(MATERIAL PROVIDED)
----------------
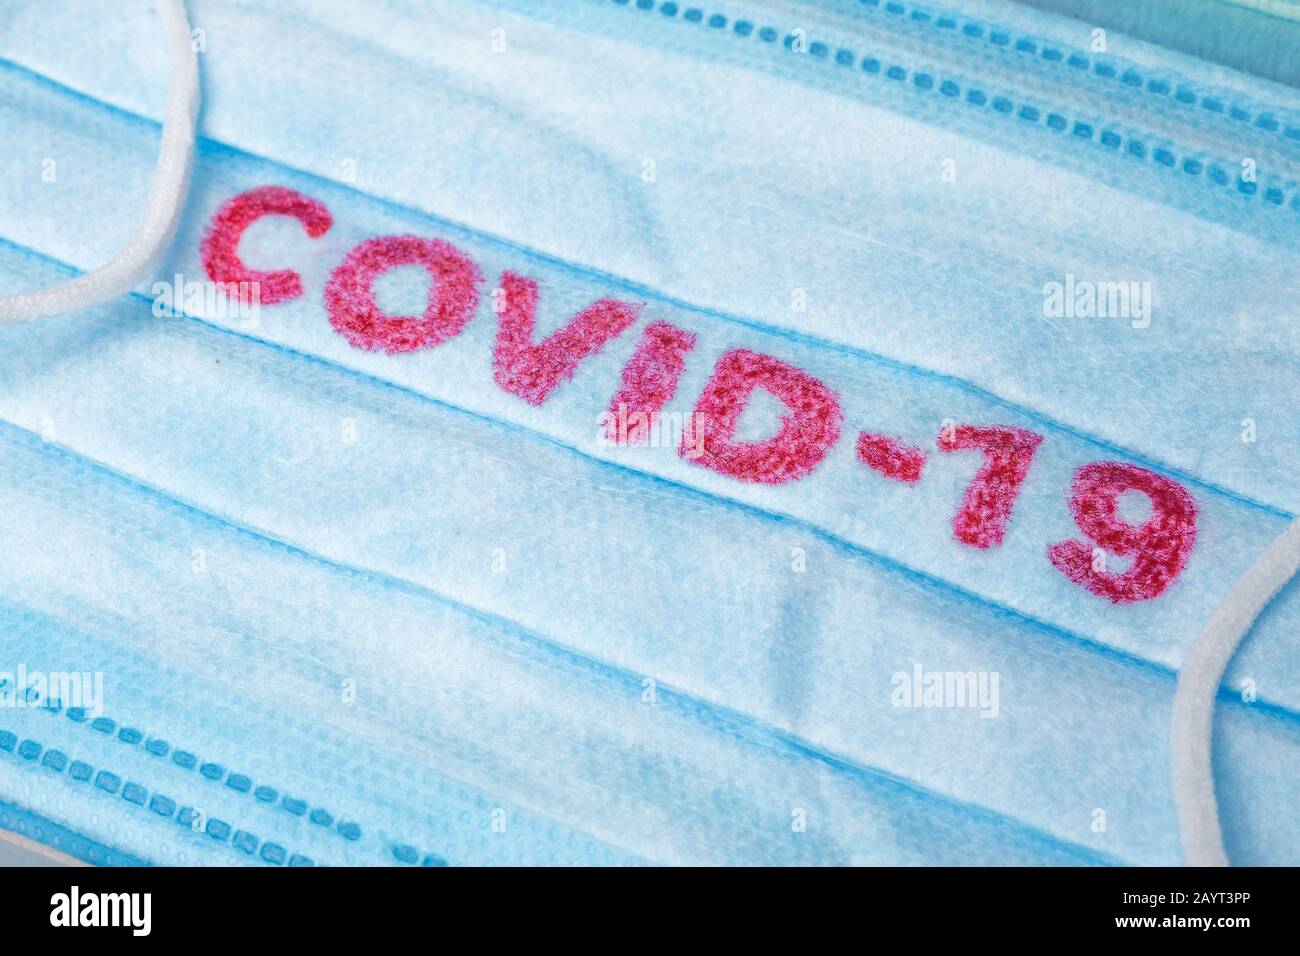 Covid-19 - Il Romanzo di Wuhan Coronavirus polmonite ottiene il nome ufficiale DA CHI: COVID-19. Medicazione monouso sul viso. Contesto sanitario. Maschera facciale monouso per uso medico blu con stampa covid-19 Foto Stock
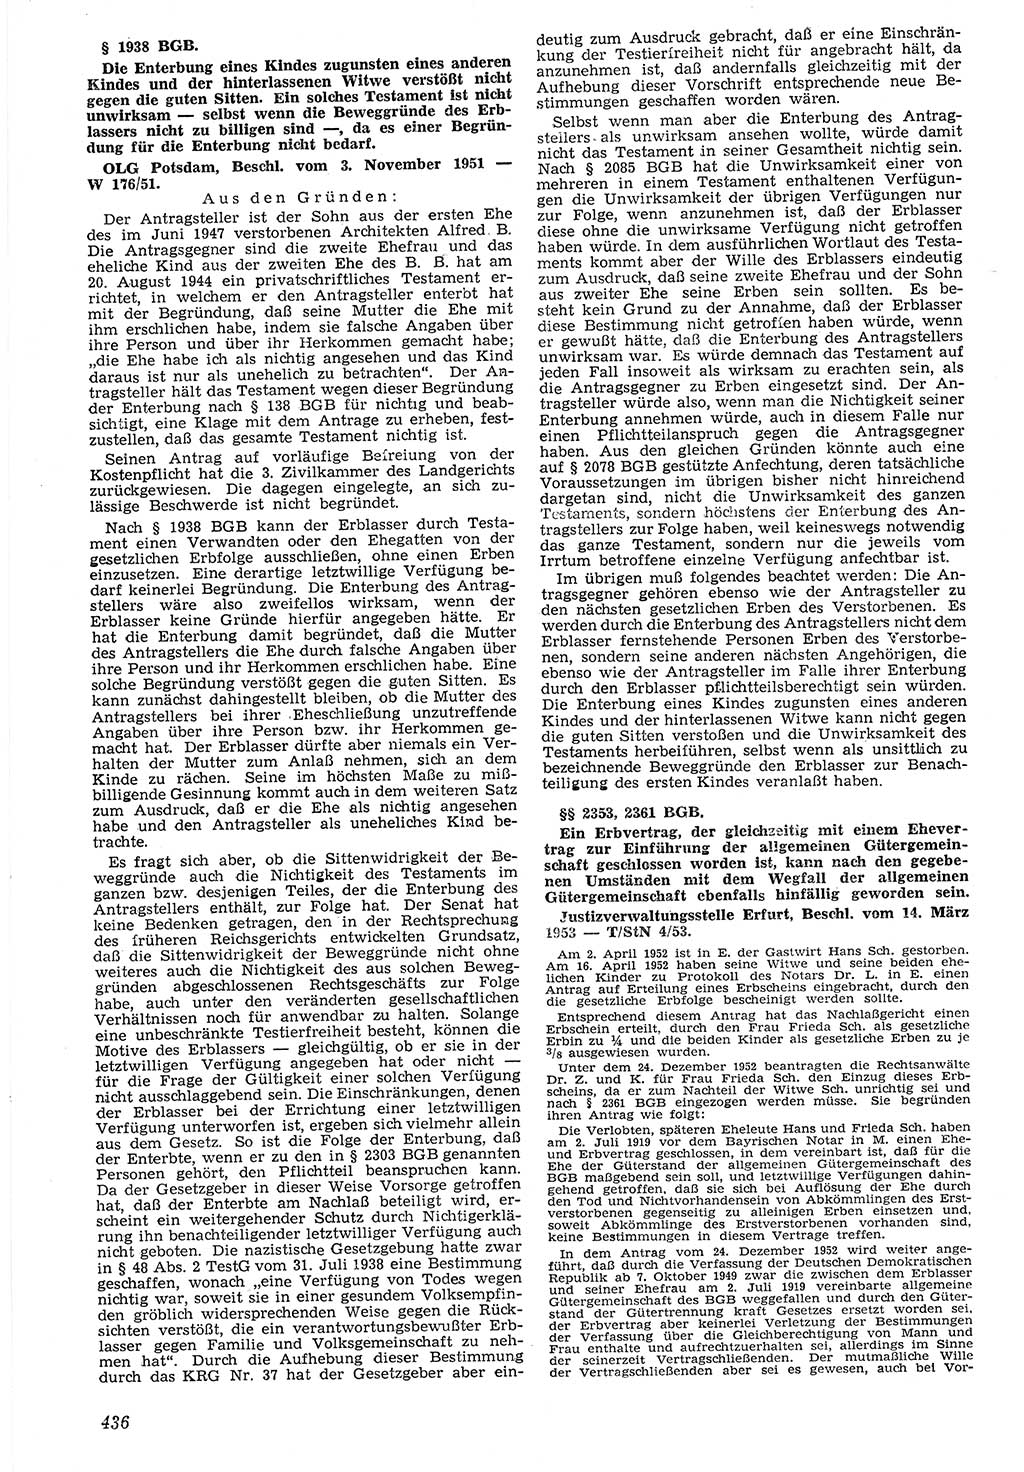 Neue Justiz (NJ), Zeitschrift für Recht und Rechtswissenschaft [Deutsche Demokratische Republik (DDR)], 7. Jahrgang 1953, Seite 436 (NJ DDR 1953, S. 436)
----------------
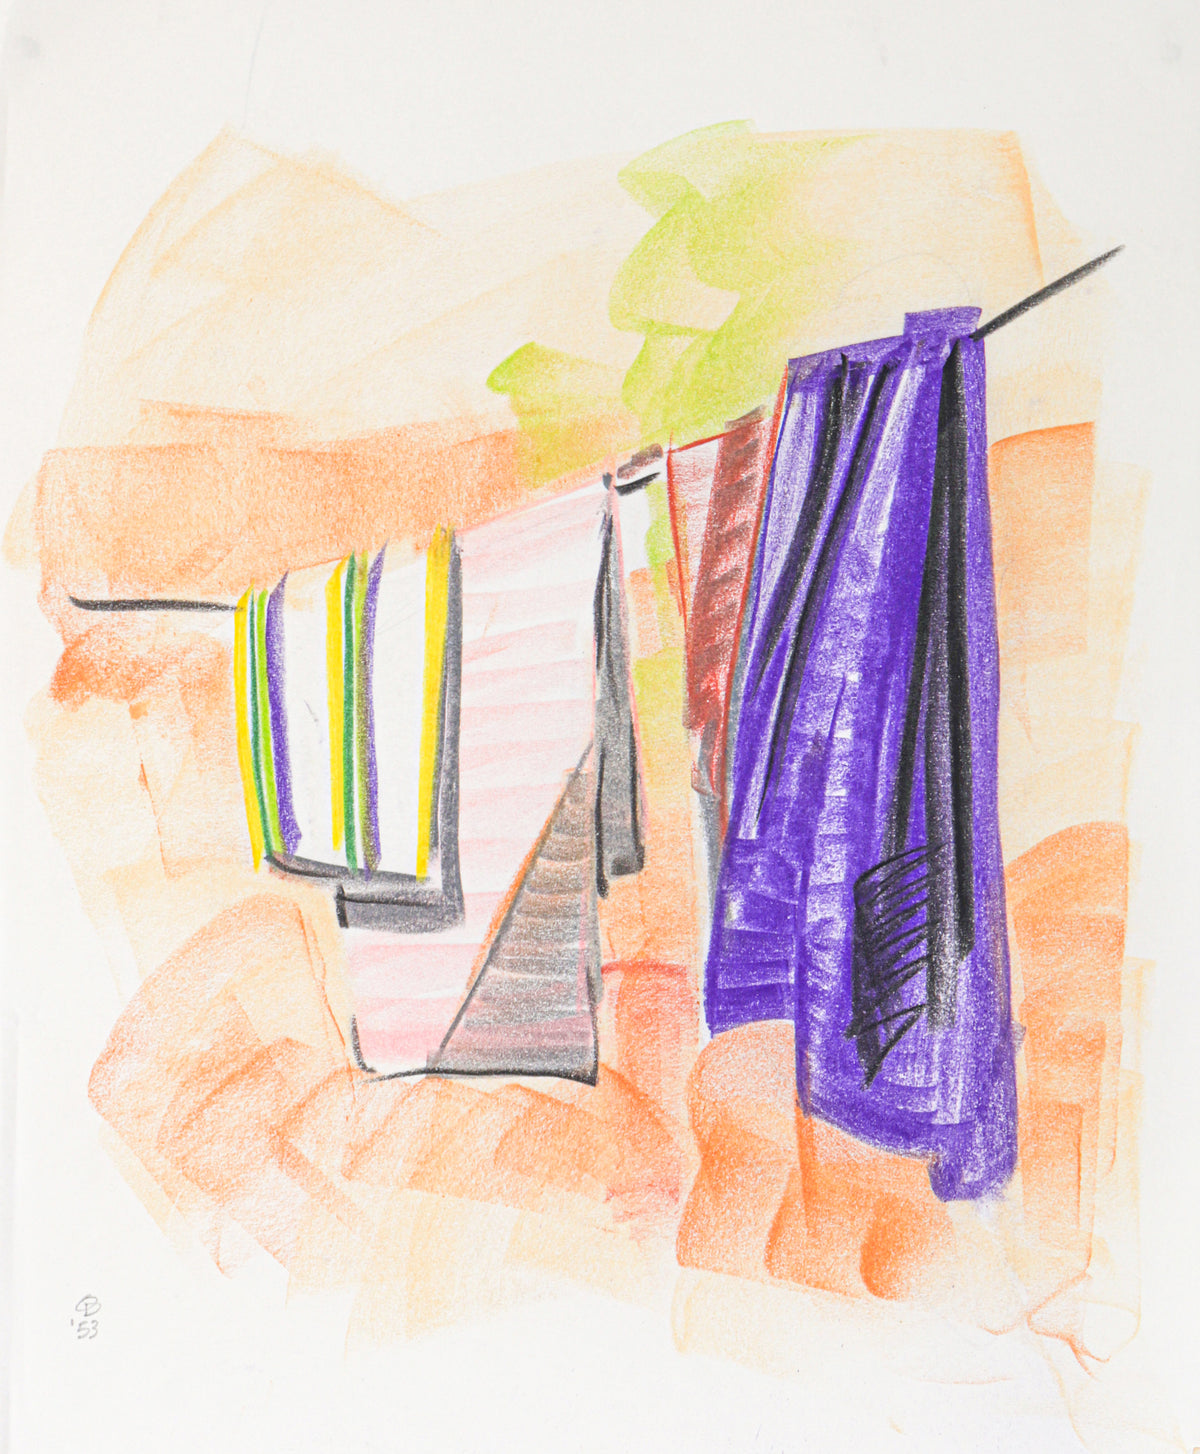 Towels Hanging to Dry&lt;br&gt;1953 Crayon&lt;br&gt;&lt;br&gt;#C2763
----------------
(WORK INSTRUCTION) Once the line with "Covid-19 - Il" is found above, print it and every line after it through the line with "Neue Justiz (NJ), Zeitschrift", exactly. Pictures stay out.

(TASK ANSWER)
 Covid-19 - Il Romanzo di Wuhan Coronavirus polmonite ottiene il nome ufficiale DA CHI: COVID-19. Medicazione monouso sul viso. Contesto sanitario. Maschera facciale monouso per uso medico blu con stampa covid-19 Foto Stock
 Neue Justiz (NJ), Zeitschrift für Recht und Rechtswissenschaft [Deutsche Demokratische Republik (DDR)], 7. Jahrgang 1953, Seite 436 (NJ DDR 1953, S. 436)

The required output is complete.